Originally Posted by the urban politician (Post 8931345)
You have absolutely zero evidence that the mortality rate of this infection is between 1-5% and if you are claiming so then you are pulling that out of your ass.

Nobody knows, we will only know in the future upon retrospect after a long, hard look at years of data.

But my guess is that it will be well south of 1%. A death rate of 1% is ludicrous and based on the most pessimistic perspective

It doesn't really matter what the mortality rate is, but it's obviously not "well south of 1%".

eschaton May 24, 2020 9:40 PM

Quote:

Originally Posted by iheartthed (Post 8931347)
It doesn't really matter what the mortality rate is, but it's obviously not "well south of 1%".

In NYC, 21,216 people have either been confirmed to have died from COVID-19 or are presumed to have had it (had it listed as cause of death, but no test to confirm).

NYC is estimated to have 8,336,817 people right now.

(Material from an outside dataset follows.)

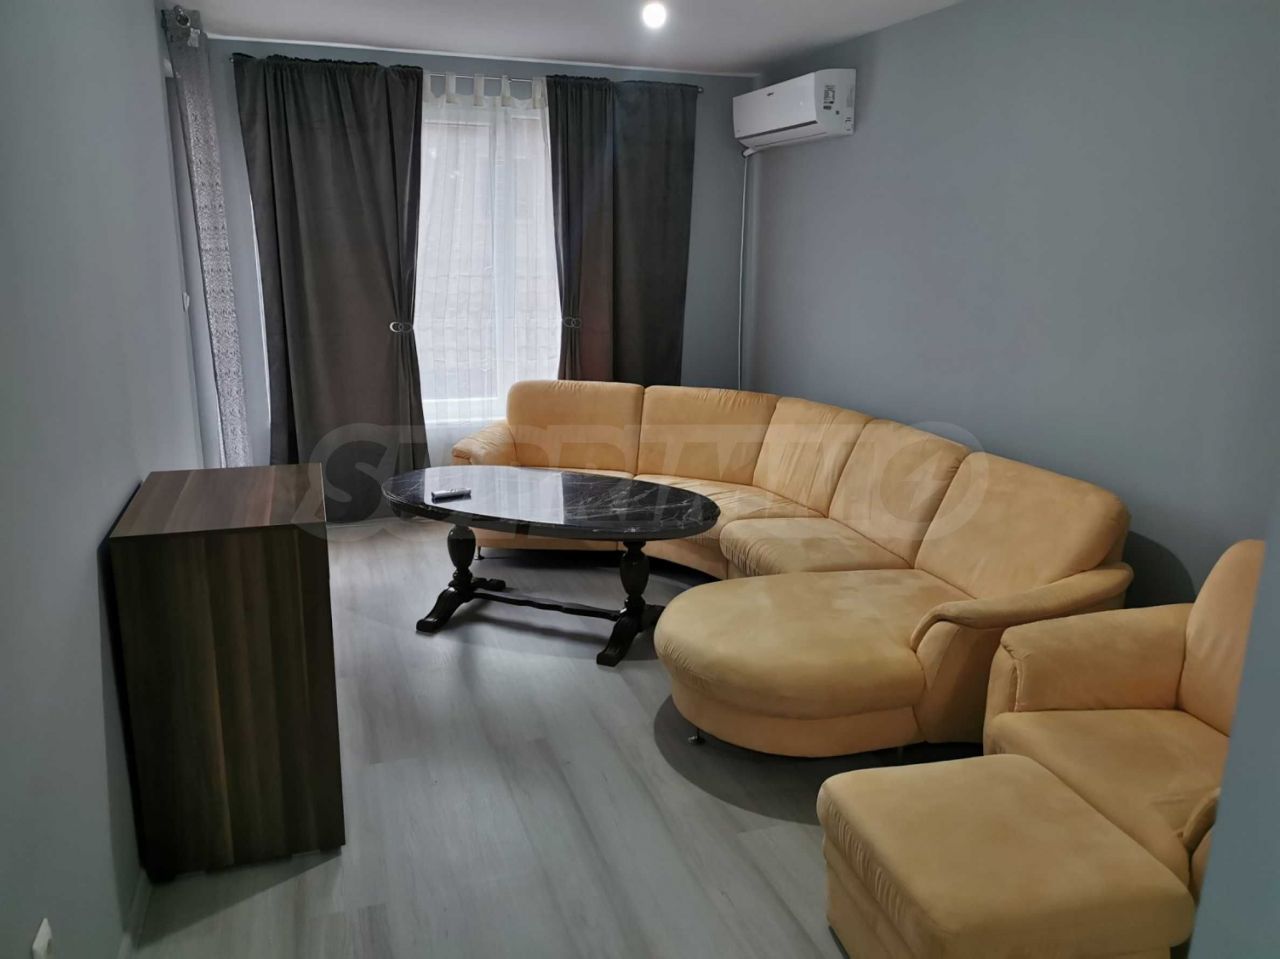 Apartment in Vidin, Bulgaria, 48.71 sq.m - picture 1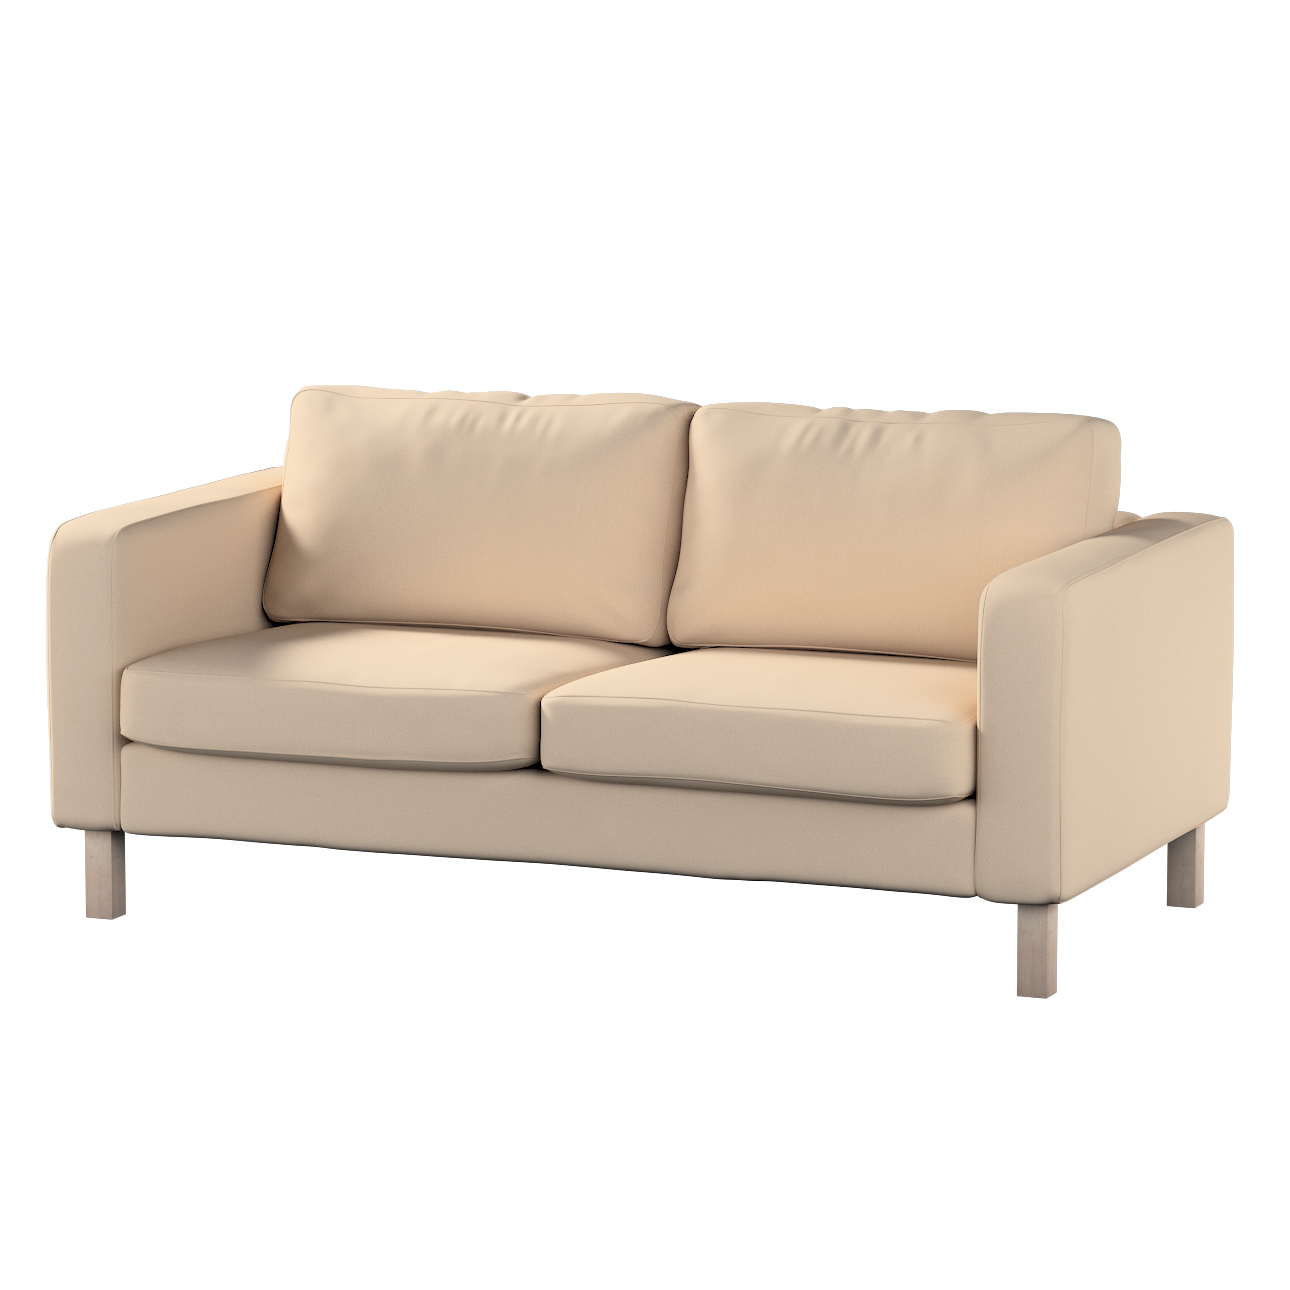 Bezug für Karlstad 2-Sitzer Sofa nicht ausklappbar, creme-beige, Sofahusse, günstig online kaufen

22,216 divided by 8,336,817 is roughly 0.25% of the population of New York City.

Serology tests suggest 20%-25% of New Yorkers have had the virus, so multiply the number by 4 or 5, and that's the effective death rate.

the urban politician May 24, 2020 10:01 PM

Quote:

Originally Posted by iheartthed (Post 8931347)
It doesn't really matter what the mortality rate is

Good point. 0.1%, 1%, 10%, 20%, 40%...........its all the same :uhh:

the urban politician May 24, 2020 10:05 PM

Just for comparison, Smallpox’s case mortality rate was estimated to be 30%. Now that, my friend, is a virus worthy of running and hiding from.

As for Covid? Deadlier than Influenza, it appears, but way way way closer to that than a real killer like Smallpox was.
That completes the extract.